Владимир Стасов - Крамской и русские художники
Как высоко Крамской ценил Владимира Маковского, мы уже видели выше: он ставил его наряду с самыми первостепенными жанристами в Европе, а в деле национальности типов — еще выше, считал его совершенно выходящим из ряду вон.
Еще один из русских художников, сделавший на Крамского глубокое впечатление, был — Куинджи. Вначале он писал Репину 5 апреля
1875 года по поводу картины „Степь“: „Куинджи — это, правда, человек как будто будущий, но если он так начнет шагать, как до сих пор, — признаюсь! Немного насчитаешь таких, молодец! Он тут изобразил одну степь с цветами, — даже Клодт хвалил. А, каков! Можете, стало быть, судить…“ Вслед за тем Крамской писал Репину же, 26 марта
1876 года, что не понимает его „Леса“ и „Заходящего солнца, над избушкой“. „Еще первым я могу восхищаться, — говорил он, — как чем-то горячечным, каким-то страшным сном, но „Заходящее солнце“ решительно выше моего понимания. Я совершенно дурак перед картиной. Я вижу, что самый свет на этой белой избе так верен, так верен, что моему глазу так же утомительно на него смотреть, как на живую действительность: через пять минут у меня в глазу больно, я отворачиваюсь, закрываю глаза и не хочу больше смотреть. Неужели это творчество? Неужели это художественное впечатление?..“ Но когда в 1880 году появилась „Ночь на Днепре“, восторг и изумление Крамского были так велики, что он даже задумал опубликовать „протокол“, где несколько лучших современных художников высказали бы, что именно они видели в картине собственными глазами. „Может быть, — писал он в письме к А. С. Суворину (назначенном для печати), — может быть, краски Куинджи потухнут или изменятся и разложатся до того, что потомки будут пожимать плечами в недоумении: от чего приходили в восторг добродушные зрители? Вот, во избежание такого несправедливого отношения в будущем, я бы не прочь составить „протокол“, что „Ночь на Днепре“ Куинджи вся наполнена действительно светом и воздухом, его река действительно совершает величественно свое течение, и небо — настоящее бездонное и глубокое.

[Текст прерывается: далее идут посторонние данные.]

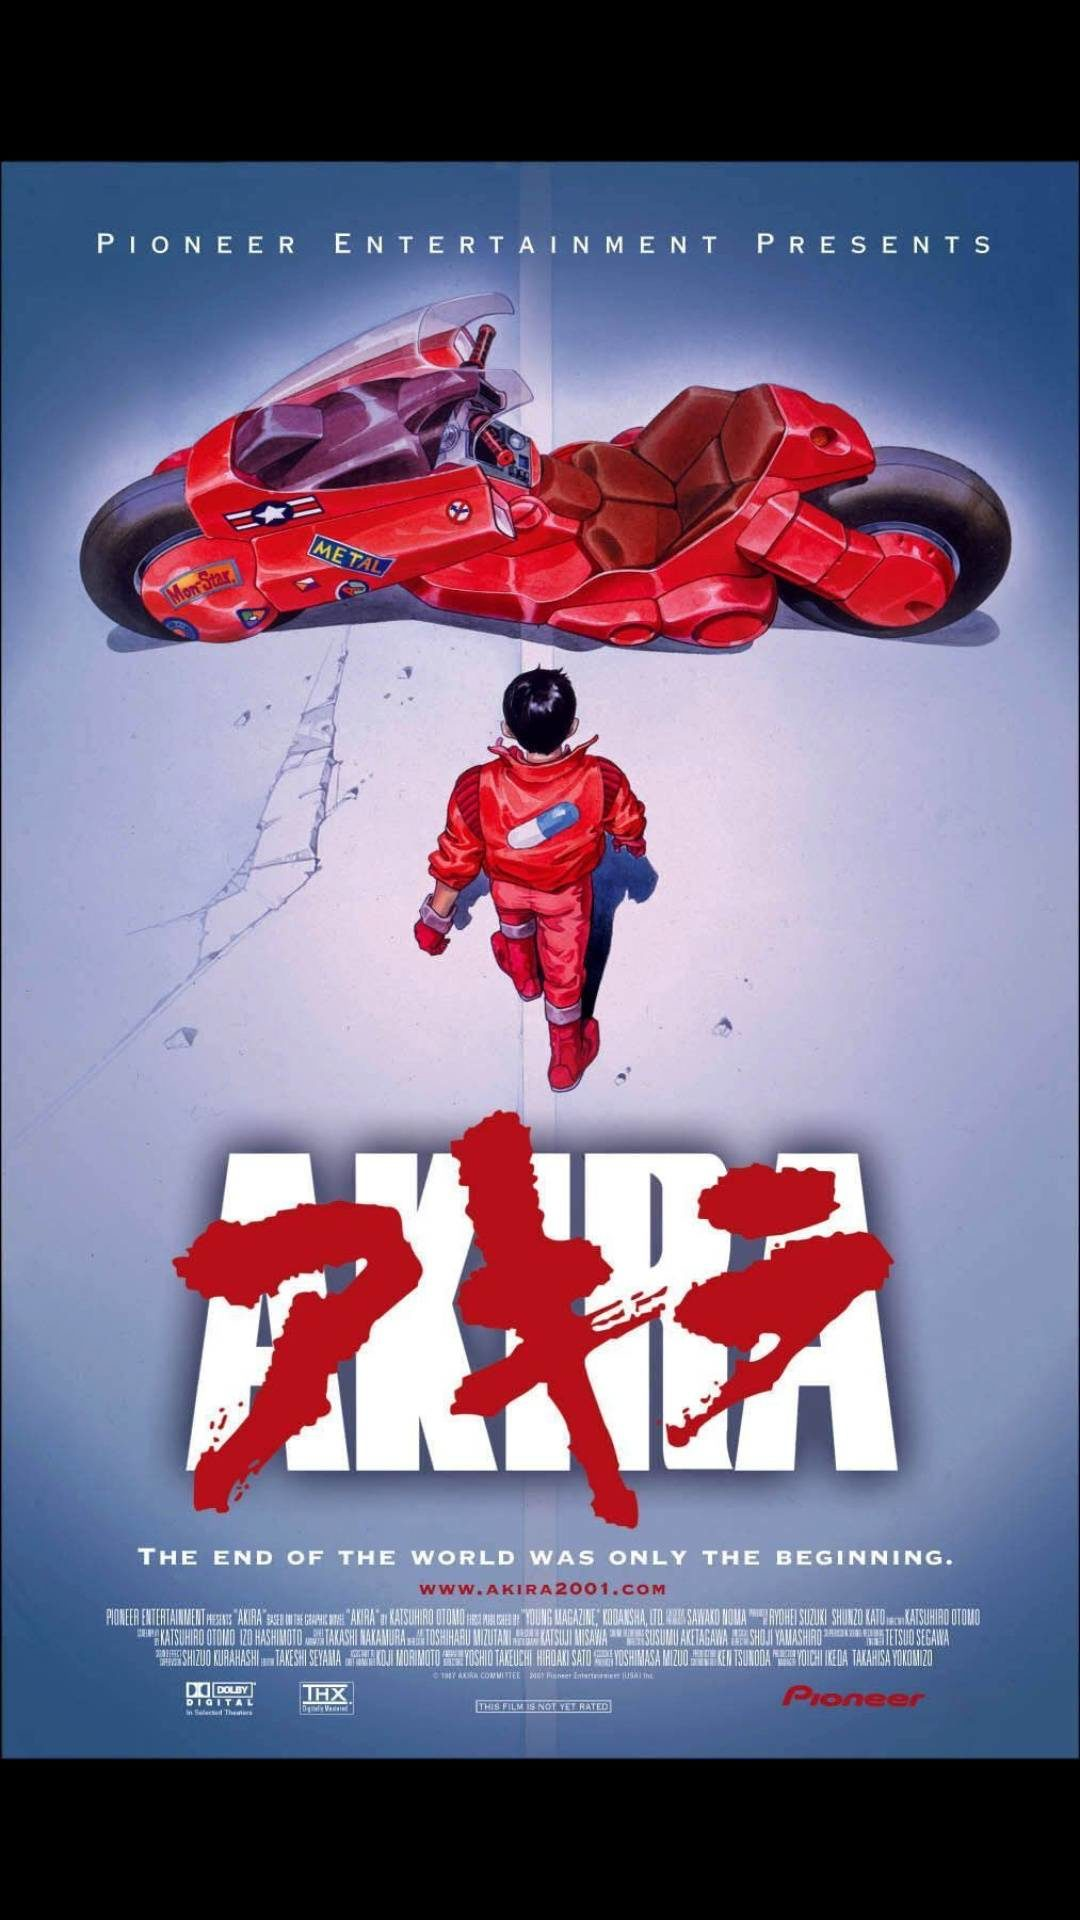 Parlons Cinéma : Akira, et le cinéma d'animation japonais devint mondial

Я картину давно знаю, видел при всех моментах дня и во всех освещениях и могу свидетельствовать, что как при первом знакомстве не мог отделаться от физиологического раздражения в глазу, как бы от действительного света, так и во все последующие разы, всякий раз одно и то же чувство возникало во мне при взгляде на картину…“ К сожалению, это любопытная и оригинальная статья осталась в свое время ненапечатанного.
Перечисленные мною до сих пор художники были те из новых русских живописцев, которыми всего более восхищался Крамской и которых считал настоящими краеугольными камнями нового художественного нашего развития. Но самые искренние его симпатии лежали на стороне многих других еще наших художников, которых талант его восхищал, а успех радовал до глубины души.
Но это никогда не мешало ему видеть существующие у них недочеты и высказывать это, как самим авторам, прямо в глаза, в устных беседах и письмах, так и прочим товарищам по искусству.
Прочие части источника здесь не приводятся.